【完】淡い雪 キミと僕と
「もう、ゆっくりお風呂も入らせてくれない!仕事で疲れているのに」
「俺は美麗と一緒にお風呂に入ってると疲れも吹っ飛んでいくが?」
「だからそういう言葉がよくぽんぽんと出てくるものだわッ」
「アンタが素直じゃなさすぎるんだ。素直に嬉しい時は嬉しいと言えばいい。言葉では可愛げのない事を言っていても、身体は実に素直に反応している」
その華奢な体を抱き寄せ、後ろから頬にキスを落とすと彼女の体に少しだけ力が入ったのが分かった。

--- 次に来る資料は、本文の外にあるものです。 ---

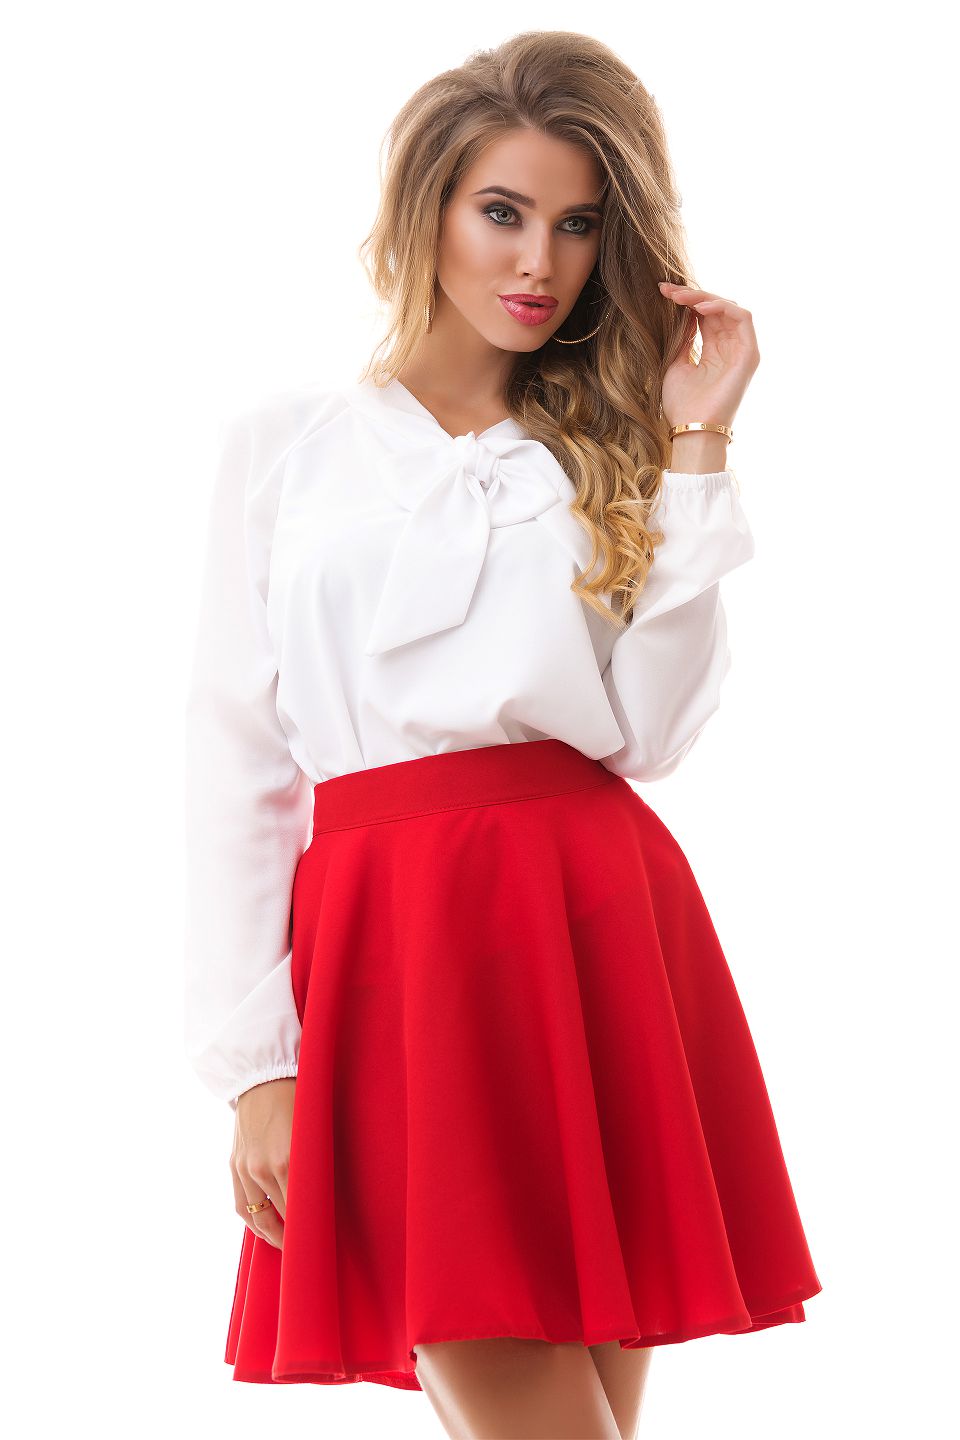 Красная юбка и белая блузка фото

顔を見なくても分かる。目を瞑り、声を我慢している事位。 お風呂の中、好きな女が裸でいるのに我慢出来る程出来ている男ではない。
けれど、毎日のように一緒にお風呂に入っていても、湯の中でそういった行為をするのを、彼女はいつだって拒否してきた。何でもベッドが良いとかなんとか理由をつけて。
だが、今日はどうにもこうにも止まりそうにはなかった。
忘れたい事は沢山ある。欲に溺れ、目の前の事にただただ集中していれば、その時だけ考えなくても良い事は消えてくれる。
後ろからじらすように彼女の身体へ触れると、ビクビクと面白い位反応してくる。
「ちょ…止めてよ…触らないでって…」
顔を少しだけこちらへ向ける、美麗の瞳は潤んでいた。
何にも分かっていない。そういう表情は男を挑発しているだけだって事。
いつもならばここで殴られ、暴言を吐かれ、美麗はさっさと湯から出て体を洗う。けれど、今日に限って彼女は声を我慢しながら身体を震わせていた。
なので、行為はどんどんエスカレートしていく。